當(dāng)分類(lèi)問(wèn)題的目標(biāo)類(lèi)別(兩個(gè)或多個(gè))沒(méi)有平均分布時(shí),我們稱(chēng)其為不平衡數(shù)據(jù)。 如果我們不能解決這個(gè)問(wèn)題,那么該模型將成為災(zāi)難,因?yàn)槭褂妙?lèi)不平衡數(shù)據(jù)進(jìn)行建模會(huì)偏向多數(shù)類(lèi)。
There are different methods of handling imbalanced data, the most common methods are Oversampling and creating synthetic samples.
處理不平衡數(shù)據(jù)的方法多種多樣,最常見(jiàn)的方法是過(guò)采樣和創(chuàng)建合成樣本。
什么是SMOTE? (What is SMOTE?)
SMOTE is an oversampling technique that generates synthetic samples from the dataset which increases the predictive power for minority classes. Even though there is no loss of information but it has a few limitations.
SMOTE是一種過(guò)采樣技術(shù),可從數(shù)據(jù)集中生成合成樣本,從而提高了少數(shù)群體的預(yù)測(cè)能力。 即使沒(méi)有信息丟失,它也有一些局限性。
Synthetic Samples合成樣品Limitations:
局限性:
So, to skip this problem, we can assign weights for the class manually with the ‘class_weight’ parameter.
因此,要跳過(guò)此問(wèn)題,我們可以使用' class_weight '參數(shù)為該類(lèi)手動(dòng)分配權(quán)重。
為什么要使用班級(jí)重量? (Why use Class weight?)
Class weights modify the loss function directly by giving a penalty to the classes with different weights. It means purposely increasing the power of the minority class and reducing the power of the majority class. Therefore, it gives better results than SMOTE.
類(lèi)權(quán)重通過(guò)對(duì)具有不同權(quán)重的類(lèi)進(jìn)行懲罰來(lái)直接修改損失函數(shù)。 這意味著有目的地增加少數(shù)群體的權(quán)力,并減少多數(shù)階級(jí)的權(quán)力。 因此,它比SMOTE提供更好的結(jié)果。
概述: (Overview:)
I aim to keep this blog very simple. We have a few most preferred techniques for getting the weights for the data which worked for my Imbalanced learning problems.

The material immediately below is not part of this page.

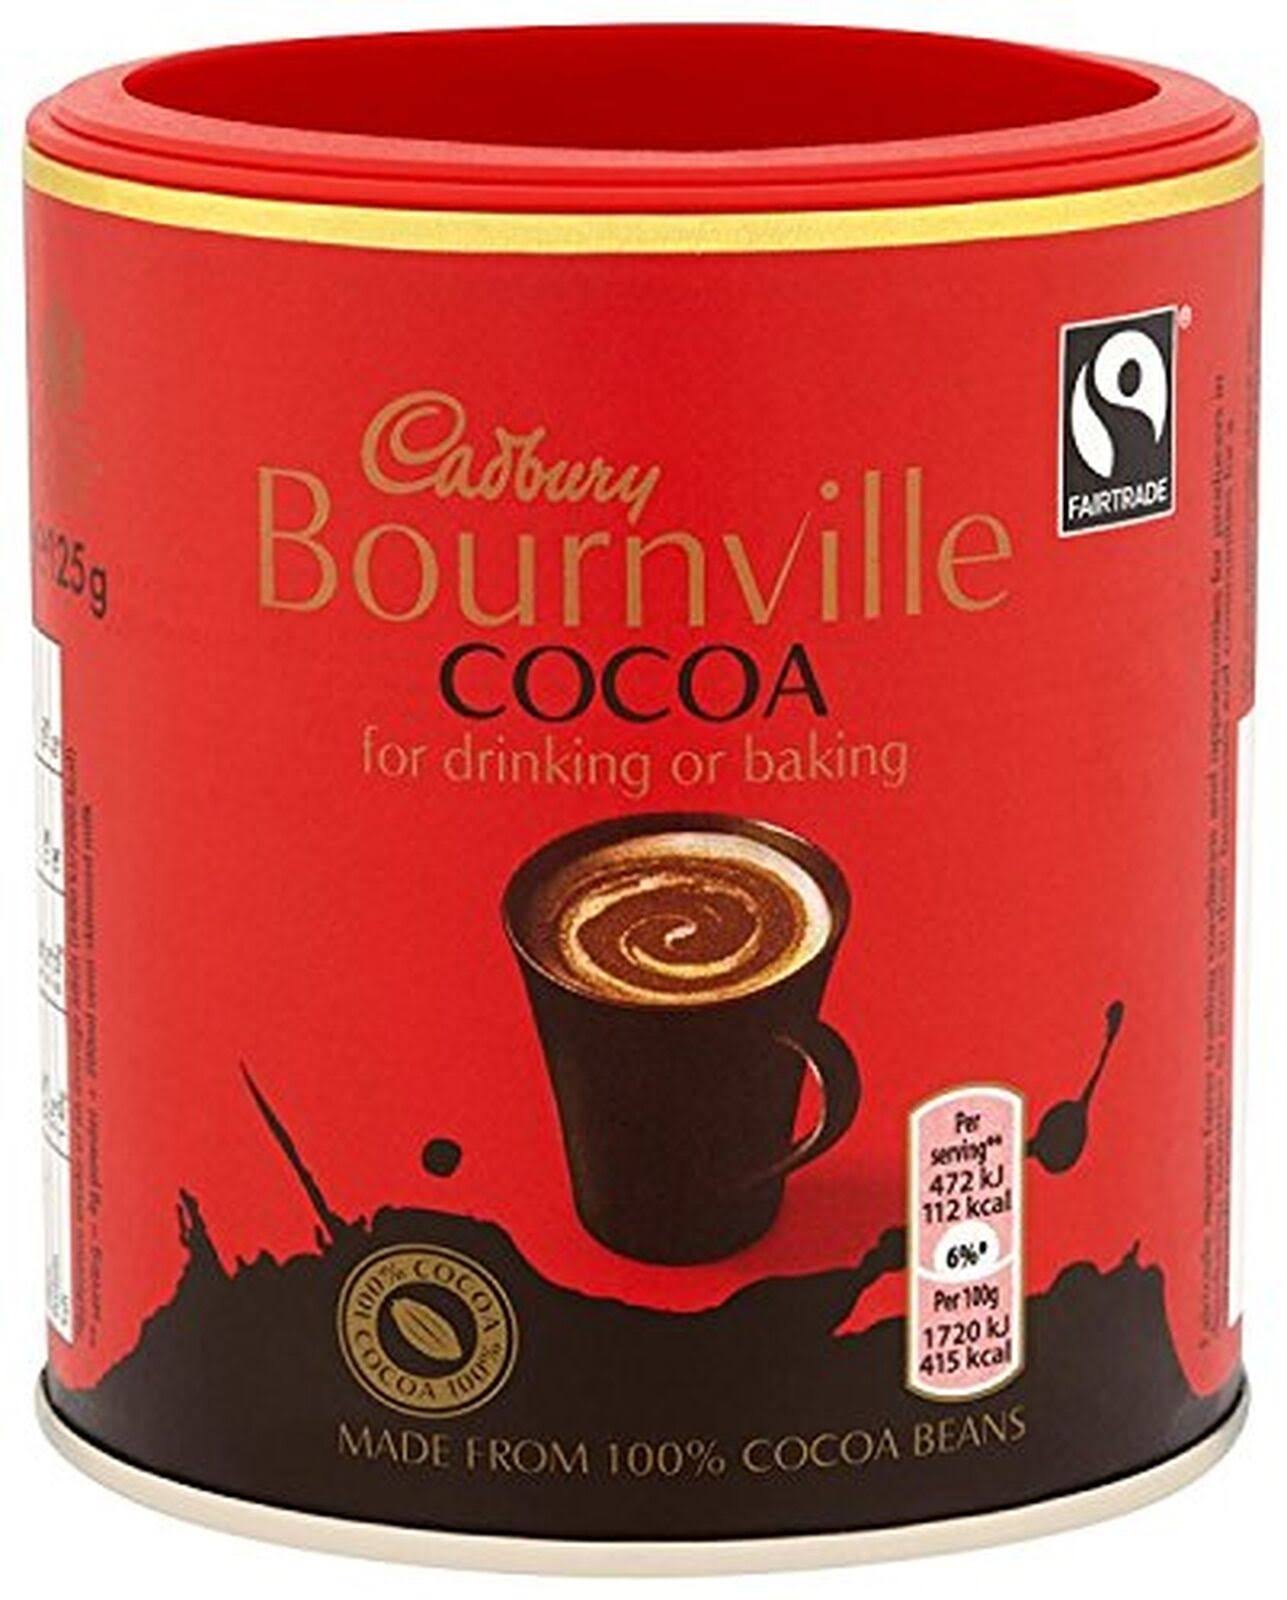 Cadbury Fairtrade Bournville Cocoa - 125g

我的目的是使這個(gè)博客非常簡(jiǎn)單。 我們有一些最優(yōu)選的技術(shù)來(lái)獲取對(duì)我的失衡學(xué)習(xí)問(wèn)題有用的數(shù)據(jù)權(quán)重。
1. Sklearn實(shí)用程序: (1. Sklearn utils:)
We can get class weights using sklearn to compute the class weight. By adding those weight to the minority classes while training the model, can help the performance while classifying the classes.
我們可以使用sklearn計(jì)算班級(jí)權(quán)重。 通過(guò)在訓(xùn)練模型時(shí)將這些權(quán)重添加到少數(shù)類(lèi)中,可以在對(duì)類(lèi)進(jìn)行分類(lèi)的同時(shí)幫助提高性能。
from sklearn.utils import class_weightclass_weight = class_weight.compute_class_weight('balanced,np.unique(target_Y),
target_Y)model = LogisticRegression(class_weight = class_weight)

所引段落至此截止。